Be that whichever way it is, without, I think, having the same grace as Chimes, the song is also an extremely simple one - indeed, it sounds like a twelve year old wrote it:
We met at a dance,walked hand and hand,
Into the night in this wonderland
I know, now I know, that's the creation of love

We kissed once o-or twice
That's when our hearts danced into to the night
I know, now I know, that's the creation of love

Someday we'll walk down the aisle
And we'll be wearing a smile
Some people will sing and your mother will cry
As we say I do until the day we die [oh, that key change!]

I love you and you love me
Think how happy we will be
I know, now I know, that's the creation of love
I know, now I know, that's the creation of love
It wasn't until very recently that I read it had actually been an early compostion of Richard Barrett. The production seems to leave nothing to chance, as though to divert the ear from the song's limitations.

Listening to the recording just now, I'm not terribly moved if I divorce it from what I know of Lymon, but overlaid with a sense of what was to come then this child's eye view of love does have an effect. The production is so well-crafted you can't fool yourself into believing it's spontaneous, whereas I'm prepared to believe Chimes was a happy accident.

Unfair? Certainly Lymon acquits himself well. I think I read, either in Phil Groia's book They All Sang on the Corner or in Marv Goldberg's R&B Notebooks article on the Teenagers, that Barrett really schooled Lymon, so that the phrasing came from Barrett - ie that in a sense Lymon was Barrett's own creation. But against that is the argument that Barrett needed Lymon, undiscplined as he may have been at times, as the instrument which would allow the world to hear Richard Barrett.
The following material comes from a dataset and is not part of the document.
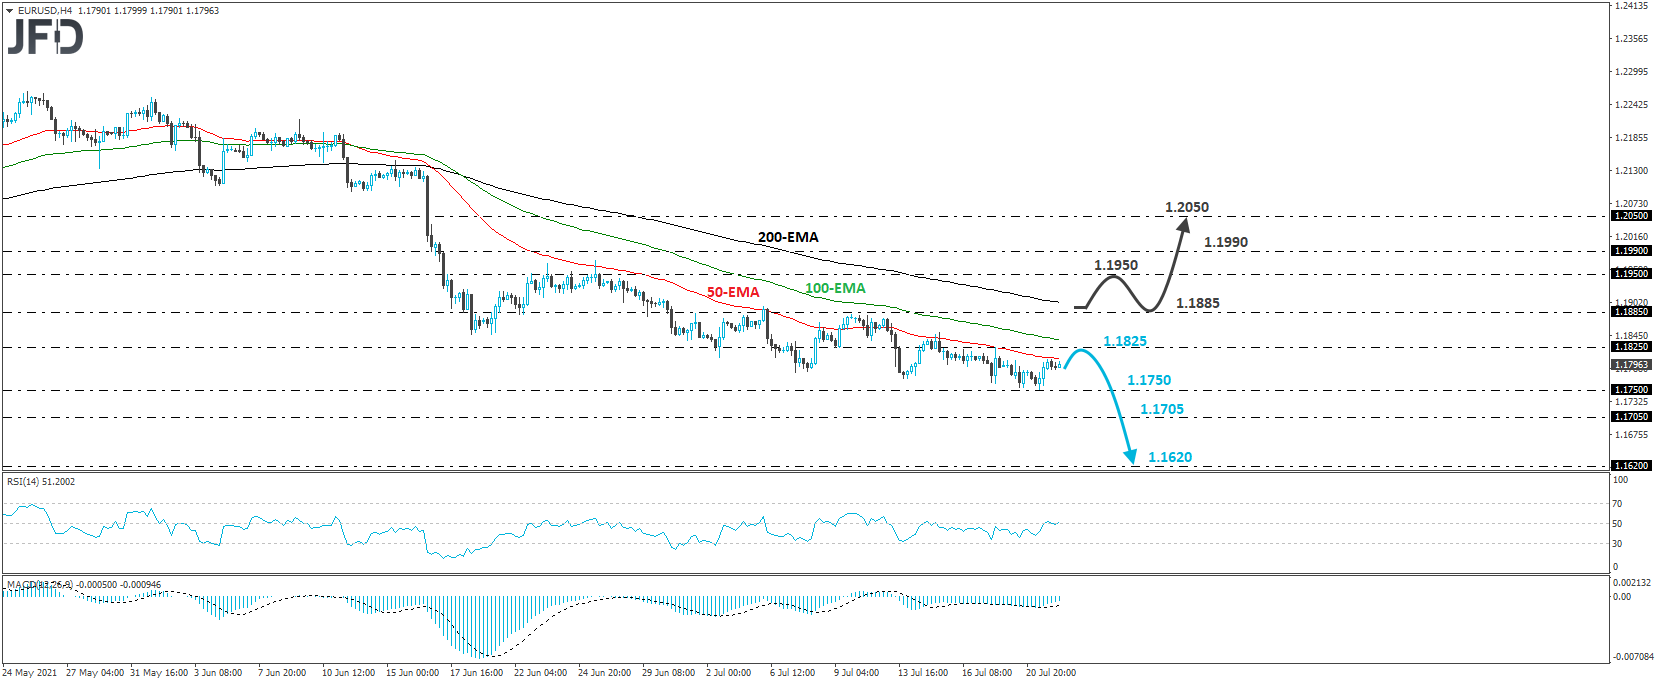 EUR/USD 4-hour chart technical analysis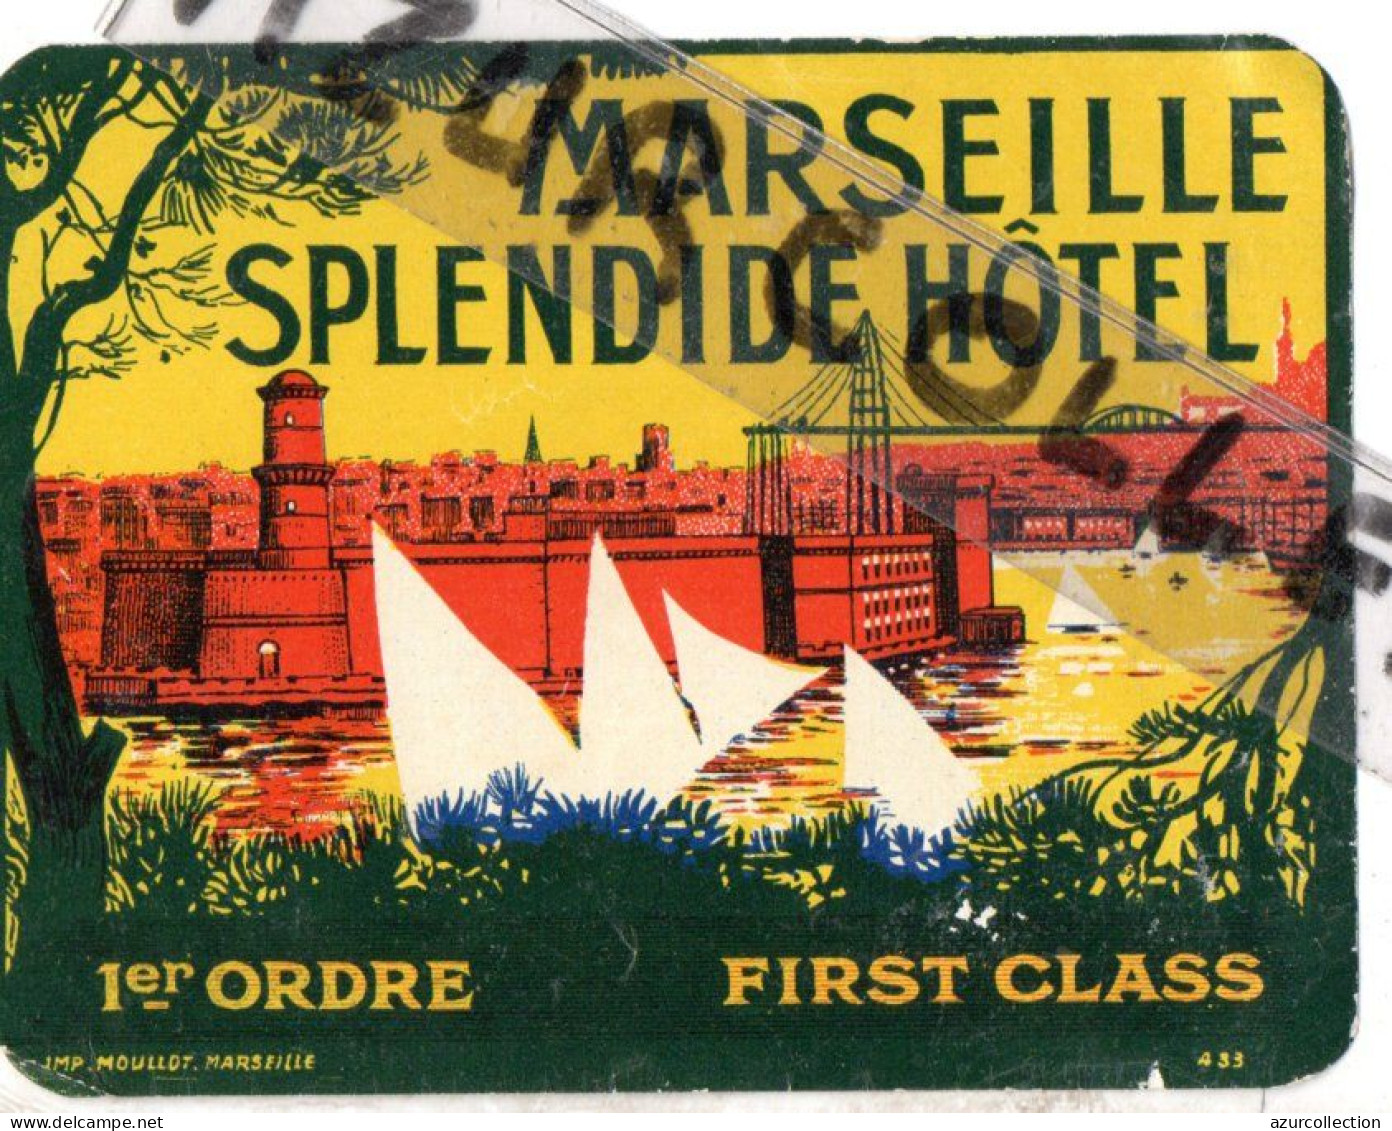 MARSEILLE . SPLENDIDE HOTEL - Hotel Labels

But I haven't yet got on to what impelled me to start this entry, namely that the sound of the Pelicans' Chimes transports me back to a time before I'd actually heard the record - probably the autumn of 1987.

One Friday evening I was in a restaurant in the town of Bridgenorth in Shropshire (the above may or may not be an image of the actual restaurant - not that it really matters). I couldn't, even if I wanted to, tell you what we talked about - only that whatever it was was more than enough: a kind of filling up with happiness and peace - especially in contrast to the stress of a job which had, like my companion, come lately into my life, and from which I would escape to a haven in the West Midlands every Friday evening.

The songs which were a deliberately chosen soundtrack for that time were by Billie Holiday and, especially, Hutch, who crooned softly to us on many a night. But now it's Chimes which conjures up the essence of those earliest, lost days most vividly, and that one evening in particular. Quite definitely "lost" because the woman now is elsewhere, as that laugh-a-minute rhymer Thomas Hardy would say. Which only leaves this crude, perfect recording.
.





Bathetic postcript: 

Rereading this in 2016 I saw that at the start I momentarily forgot that "Chimes" was only the name of the song, not the name of the group. So I deleted a line about the Chimes on Imperial not being the same group as the Chimes who recorded Aurelia on Parrot Records. Which means that the title for the post, intended as a humorous allusion to a critic's famous "Aeolian cadences" remark about a Beatles song, makes no sense now.